L’Italia disloca forze militari a Gibuti (come hanno fatto Germania, Spagna e Giappone) ufficialmente per «il contrasto alla pirateria». In realtà le forze italiane sono inviate a Gibuti nel quadro della «guerra coperta», condotta in Africa e Medio Oriente dal Comando congiunto per le operazioni speciali Usa. L’area di operazioni della Task force statunitense, di stanza a Camp Lemonnier a fianco dell’aeroporto internazionale, si estende dalla Somalia al Sudan e alla Repubblica centrafricana, dal Kenya all’Uganda e al Congo. Copre anche lo Yemen e altri paesi mediorientali.

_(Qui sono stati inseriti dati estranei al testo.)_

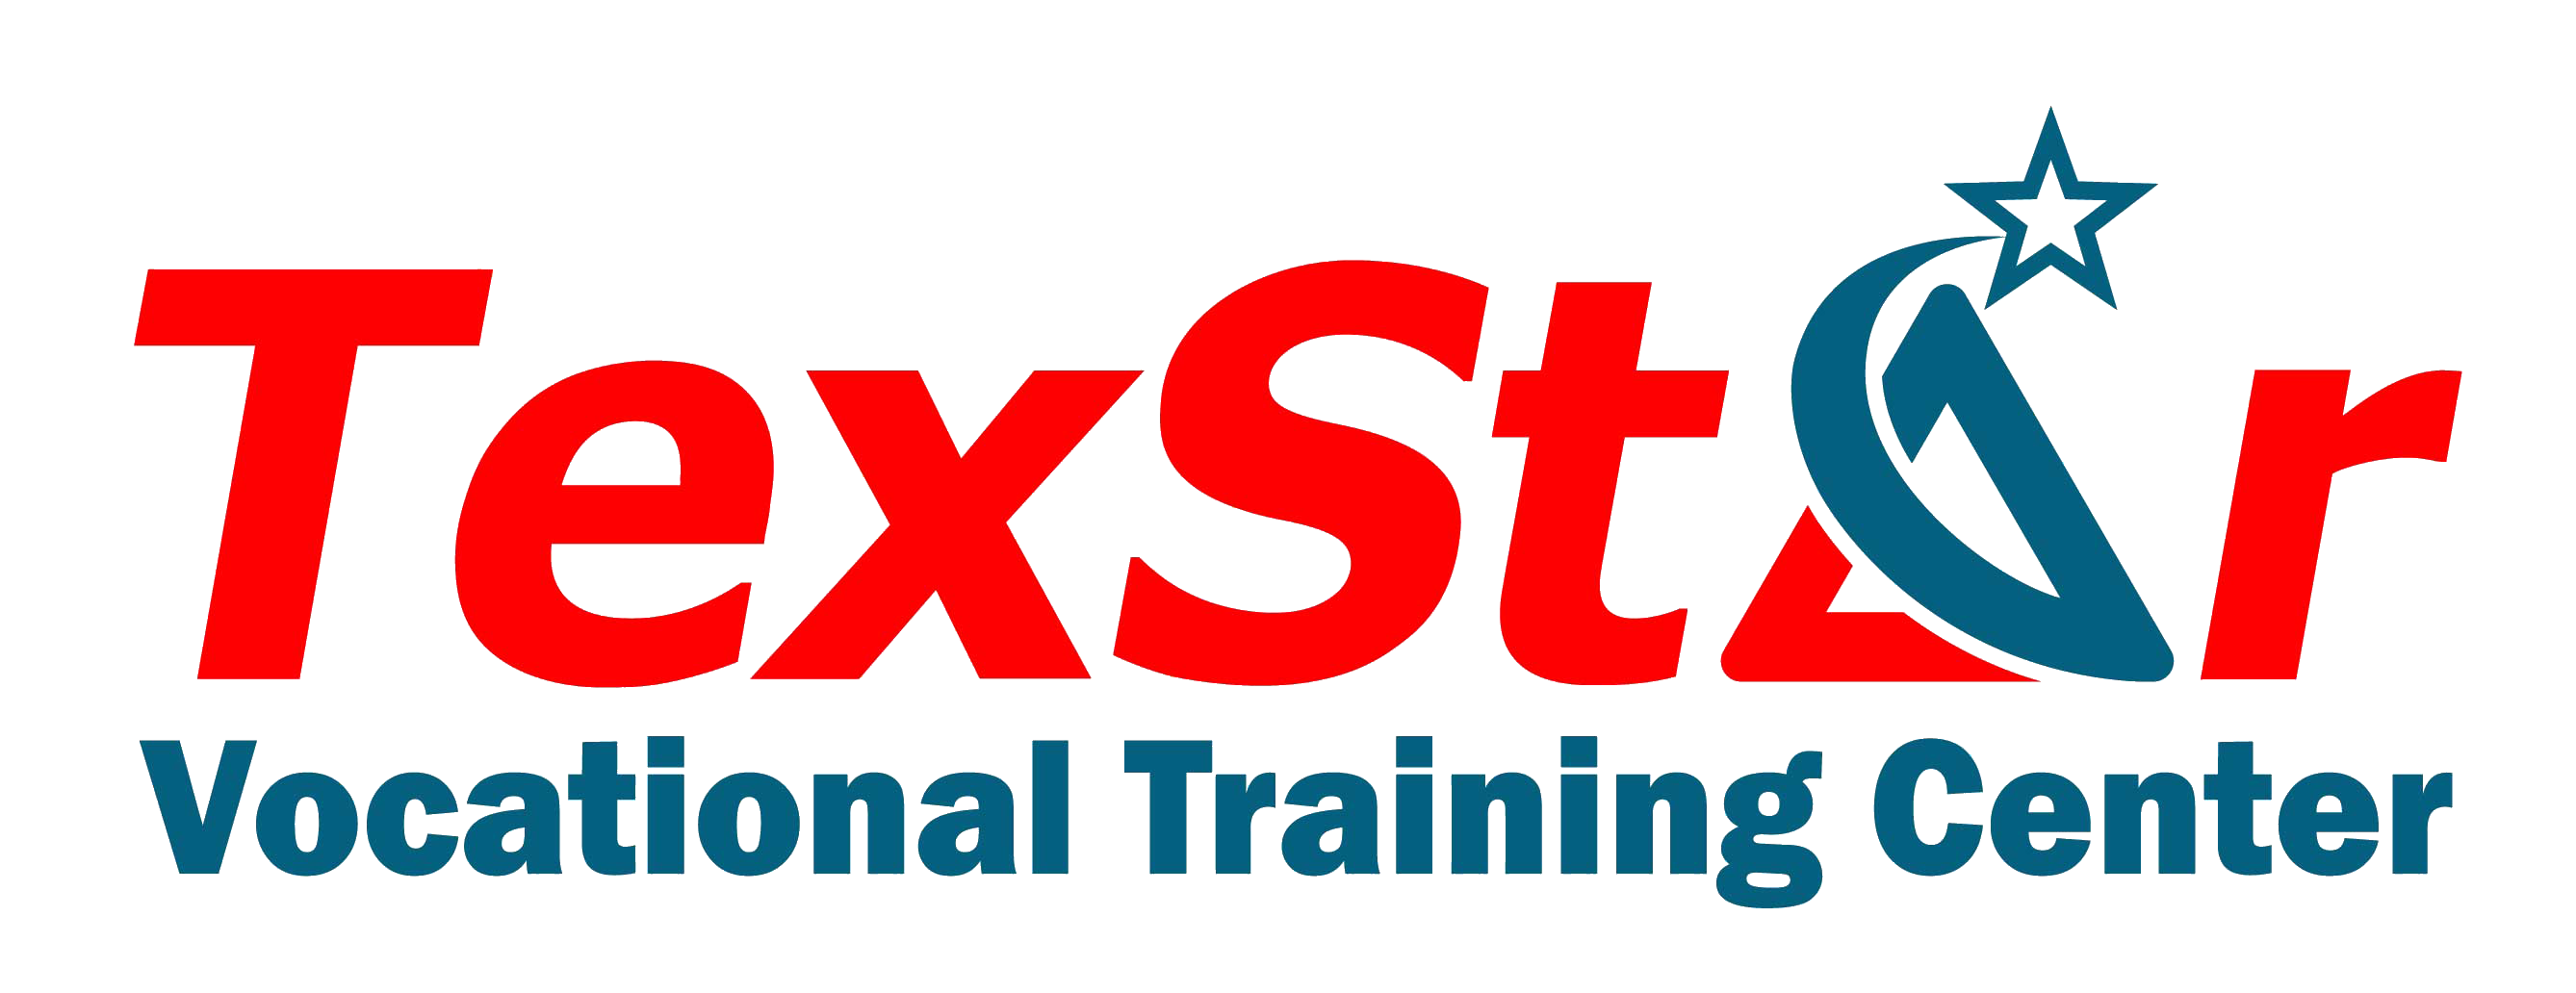 TexStar Vocational Training Center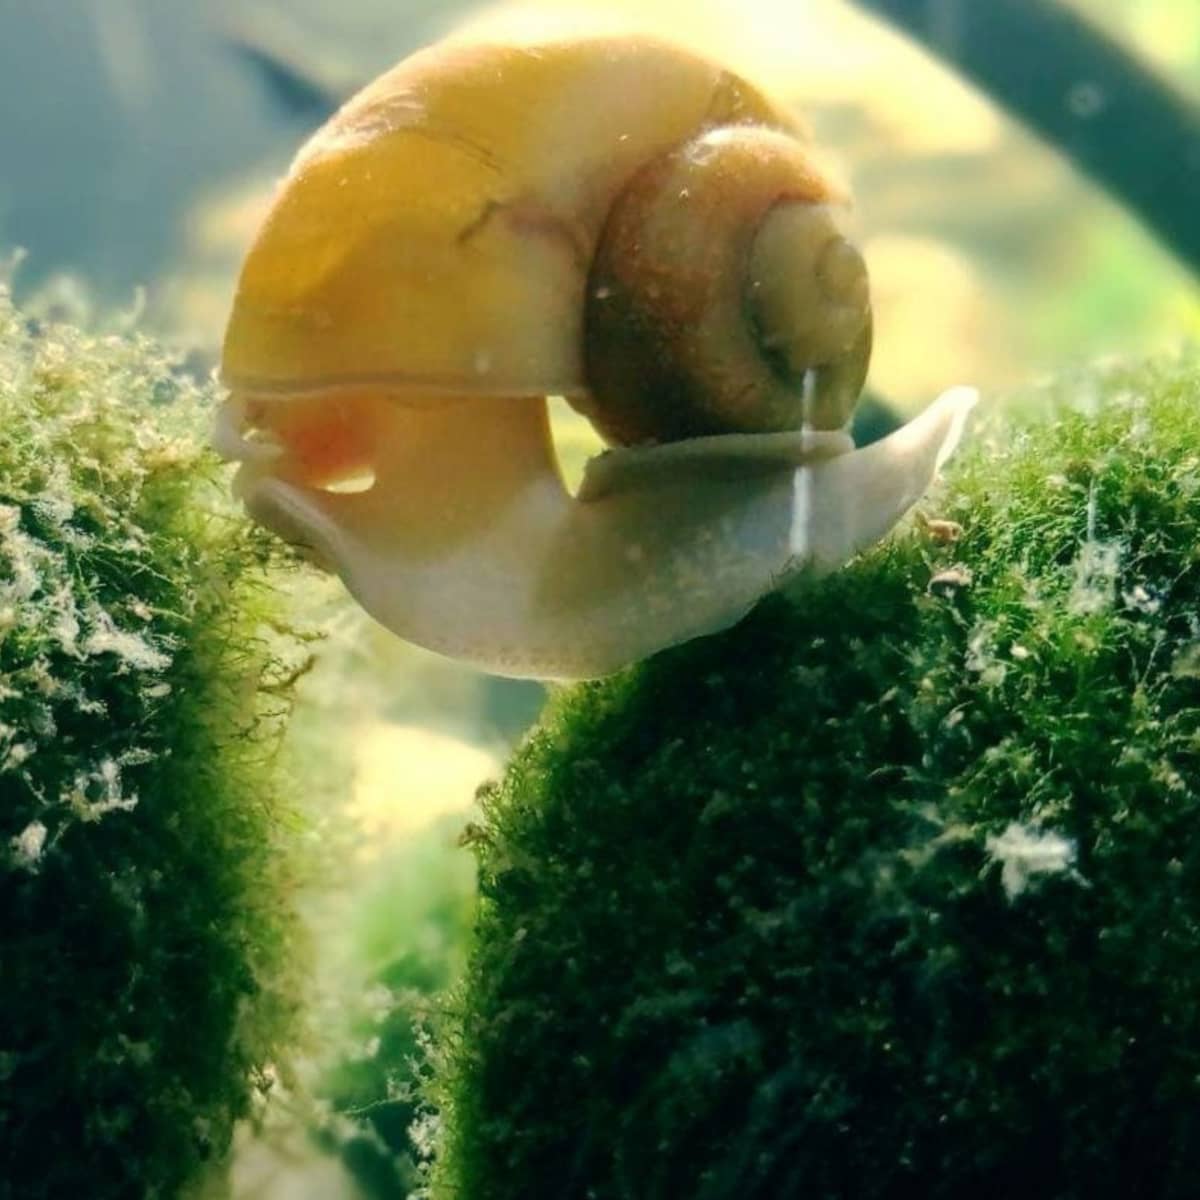 Natural Moss Ball Transparent Landscape Balls Filter For Aquarium

A Camp Lemonnier, che ora viene ampliato per accogliere altri 1.100 membri delle forze speciali, le operazioni vengono pianificate da uno staff di circa 300 specialisti. Ogni giorno decollano dalla base droni-spia, droni-killer e caccia F-15E Strike Eagle, diretti in particolare nella vicina Somalia e nello Yemen, a poche decine di chilometri al di là dello stretto. Partono di notte, con elicotteri e aerei speciali, i commandos che effettuano le incursioni. Operano in incognito, tanto che i loro nomi sono sconosciuti perfino ai militari Usa di stanza nella base. Sotto lo stesso comando operano i contractor, ossia i killer a contratto, tipo i cecchni e gli esperti di tecniche di assassinio. Stessi compiti hanno i legionari francesi.

A questa bella compagnia si uniscono i militari italiani (tra cui commandos di forze speciali), dotati anche loro di droni, teleguidati dalla base di Amendola in Puglia. Sono inviati dalla repubblica che nella sua Costituzione ripudia la guerra. Con il consenso bipartisan del parlamento, che ha favorito la mutazione genetica delle forze armate, la cui nuova missione è garantire gli «interessi esterni» in quello che lo Stato maggiore della difesa definisce «il Mediterraneo allargato». Nella nuova geografia coloniale esso si estende fino al Corno d’Africa, dove sbarcarono nel 1869 i primi colonialisti italiani.